Constructed in the country of the Support-Surface creators, it flaunts the colours (the purple and yellow of a Viala observer of bullfighters) and the obsessive repetition of a simple design being systematically applied to a surface (diagonal stripes on the sides of the patio, the alternative white and blue paving stones of the floors and ceilings on the first floor). As with the furniture set out in some of the spaces its origin is in the sixties: it also draws on the visual effects used by Yaacov Agam to animate the vertical lines – which change depending upon where the observer is standing – the flamboyant style of the small hall which has been given the name of The Club: it combines simple squares in ten sparkling colours to identify some of the collective spaces: it gorges on the geometry of the abstract visual artists for the decor in the large recording studio and the sound recording cabin: it opens out the monochrome areas of the linking foyers like a young sculpture would do.
Sounds and images have a rich common past: the walls of the big hall have even more life in them when adorned with striking motifs which reverberate like the gears in ‘La Bête Humaine’ (a film by Jean Renoir), the mechanics of Chaplin's Modern Times or the machines of Konrad Klapheck.

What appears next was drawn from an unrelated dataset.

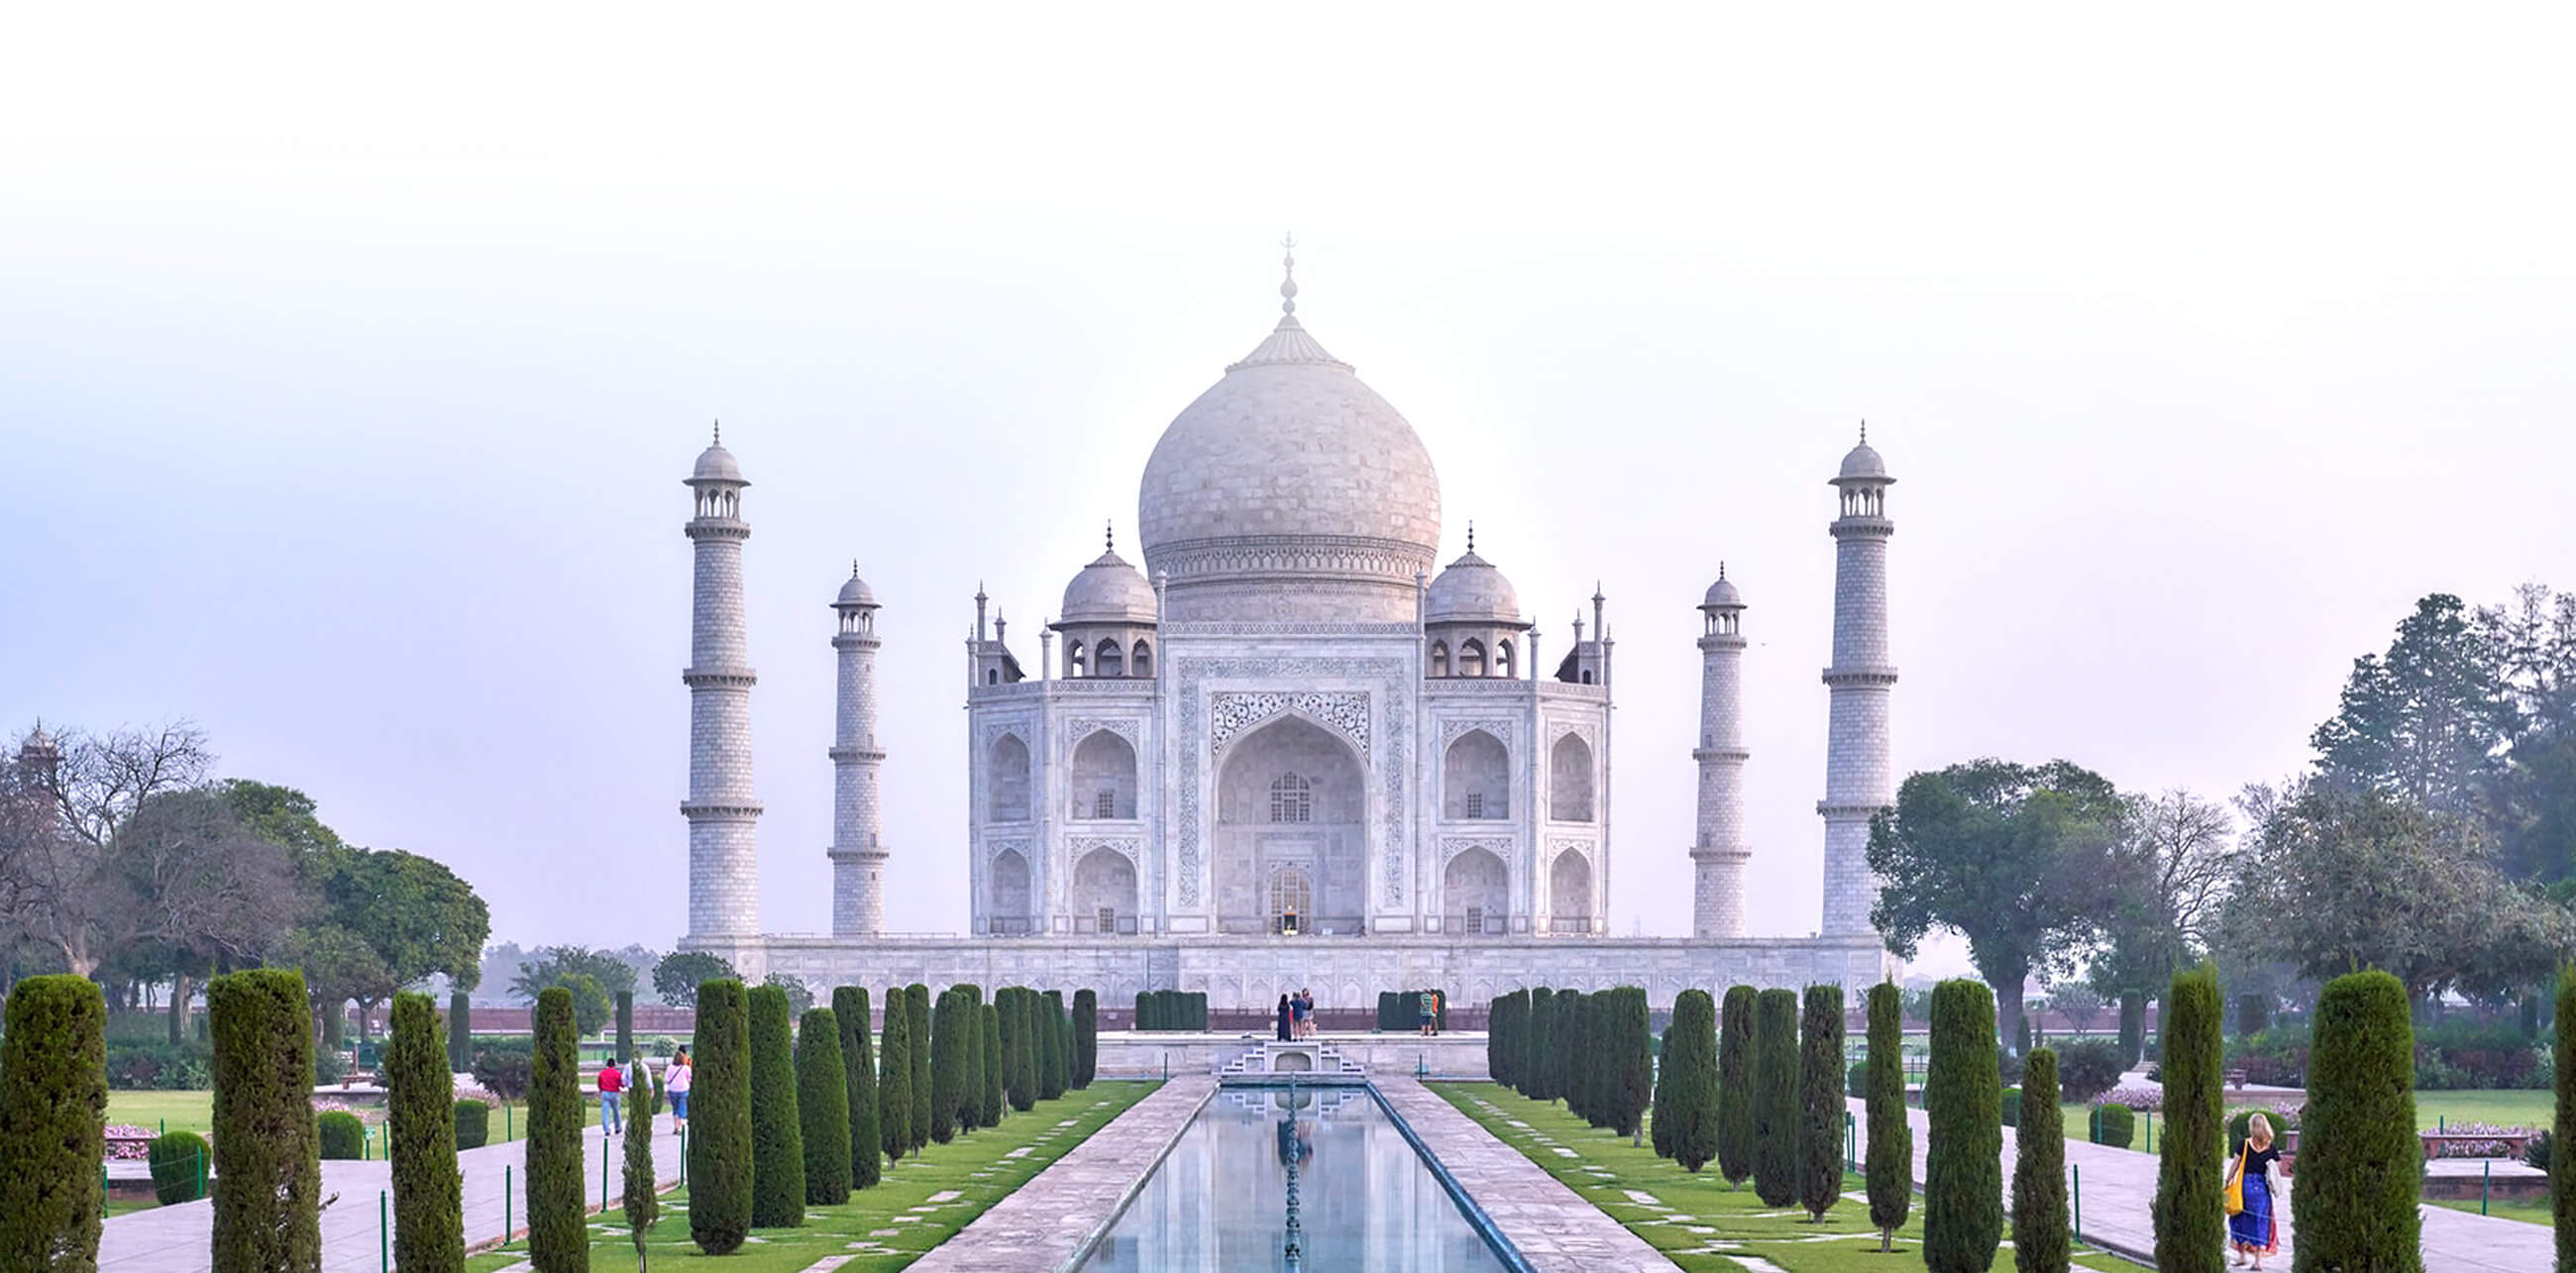 Taj Mahal, monumento funerario en la ciudad de agra a orillas del rio yamuna en india.

But all this only exists in relation to the music, and more particularly to the great liberating figures of the 1970s: the spirit of Franck Zappa, the initial link being with the green grasses suggested for the patio, creeping into the furnishings of the resident performers’ accommodation and their meeting spaces. And it is not unusual for the curve of a wall in the spaces reserved for the musicians to mock the curve of an electric guitar.